RELATED APPLICATIONS

The present patent application claims priority to the previously filed United Kingdom patent application entitled “system and method for detecting routing problems,” filed on Jun. 24, 2006, and assigned serial no. 0612573.6.

FIELD OF THE INVENTION

The present invention relates generally to a system including a string of switches, such as a switch loop subsystem, and to a method of operating such a system. More particularly, the invention relates to detecting routing problems in such systems.

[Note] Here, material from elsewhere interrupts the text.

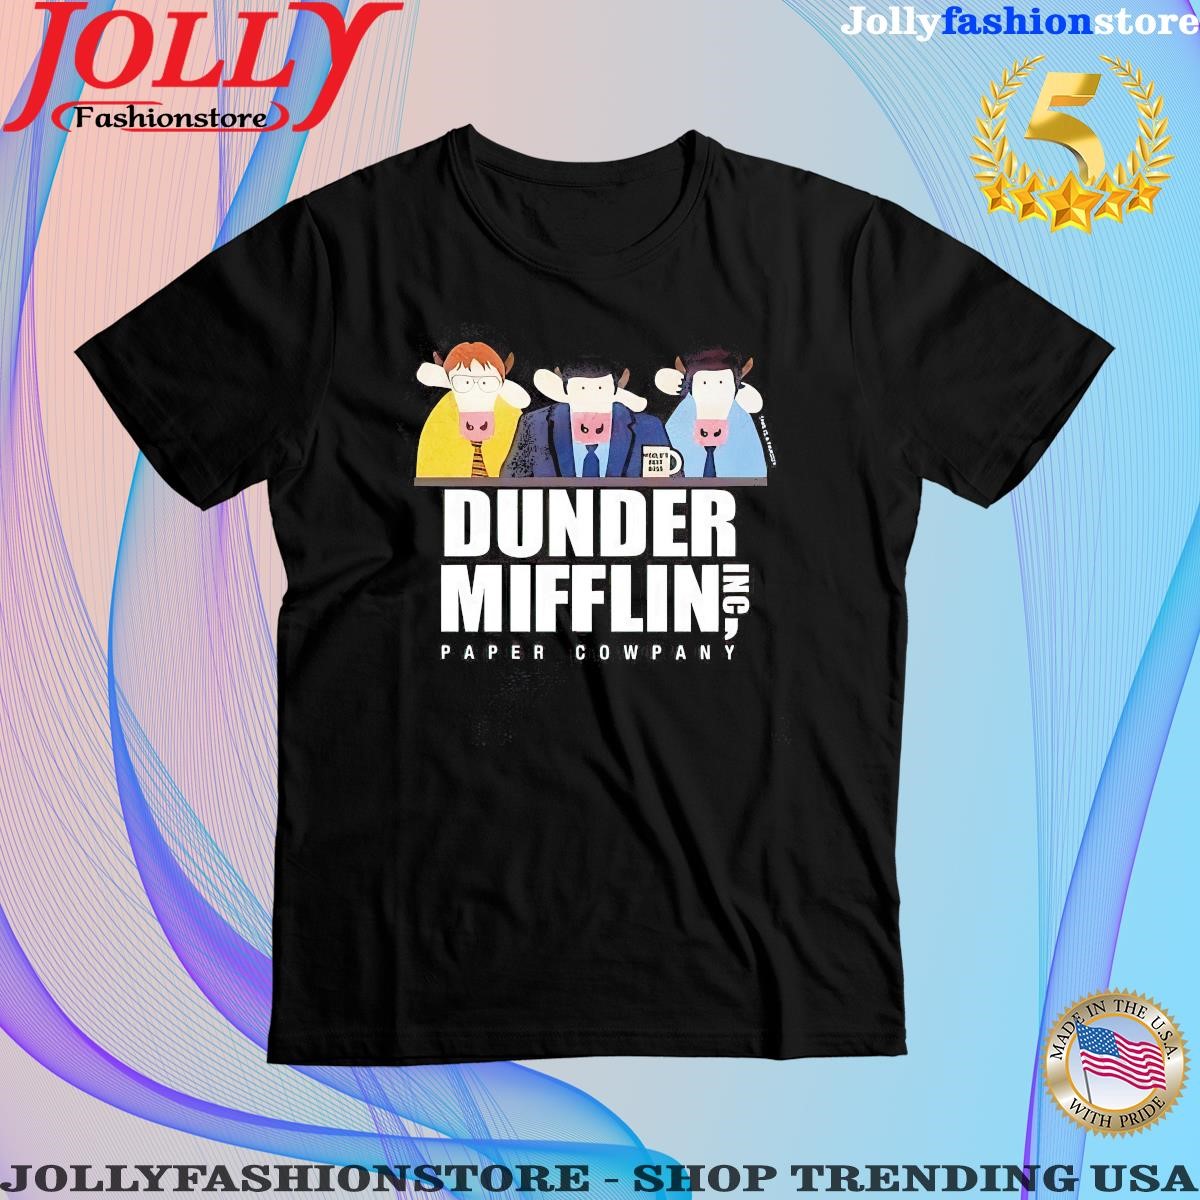 Dundermifflin World’s Best Boss This Is A Parody Dunder Mifflin Inc Paper Company Shirt

BACKGROUND OF THE INVENTION

In a non-switched Fiber Channel-Arbitrated Loop (FC-AL) disk system the fiber channel layer is configured as a loop. Any traffic sent from an adapter must traverse the whole loop successfully. This makes it easy to detect problems with the fiber channel loop as a command can be sent, and if the expected response is received then the loop must be intact. This is normally used in a dual adapter environment where one adapter will use a Small Computer System Interface (SCSI) transaction to another adapter in order to involve both the whole FC-AL, and also to ensure that both adapters are capable of opening connections and sending data on the FC-AL. This transaction is commonly called a ping.
In a switched FC-AL system, if the adapters are attached to the same switch, then the ping is only able to indicate if the one hop into and out of the first switch is functional. and gives no information about the state of the rest of the loop, which may contain several cascaded switches. The only information available is the fact that the adapters can arbitrate and gain access to the loop.
The only way, in such a system, that it is possible to tell if a loop has a problem routing traffic, is that a device in a pack attached to a switch that is located after the routing problem, fails to respond and gets a hung or lost command. These failures rely on the SCSI level timeouts to detect the problem which can be of the order of five seconds. The response to the timeout is often to log an error against the specific device rather than informing that there may be a switch/loop problem. This leads to potentially failing perfectly good drives, which in turn impacts availability of customer's data by removing redundant components unnecessarily and also impacts the cost of maintenance.

SUMMARY OF THE INVENTION

The present invention relates generally to detecting routing problems. A system of an embodiment of the invention includes an adapter and a string of switches having a head-of-string switch and a tail-of-string switch. The adapter is connected to the head-of-string switch. Each switch in the string is connected to an adjacent switch. The system further includes one or more devices connected to each respective switch. The system is arranged to periodically transmit a first signal from a first device connected to an end-of-string switch. The first signal passes through all of the switches in the string to a second device connected to the opposite end-of-string switch. A second signal is transmitted from the second device to the first device. In this way, routing problems in the switches can be detected. The first device is arranged to generate an error message, following a predefined period after transmitting the first signal, if the second signal is not received at the first device.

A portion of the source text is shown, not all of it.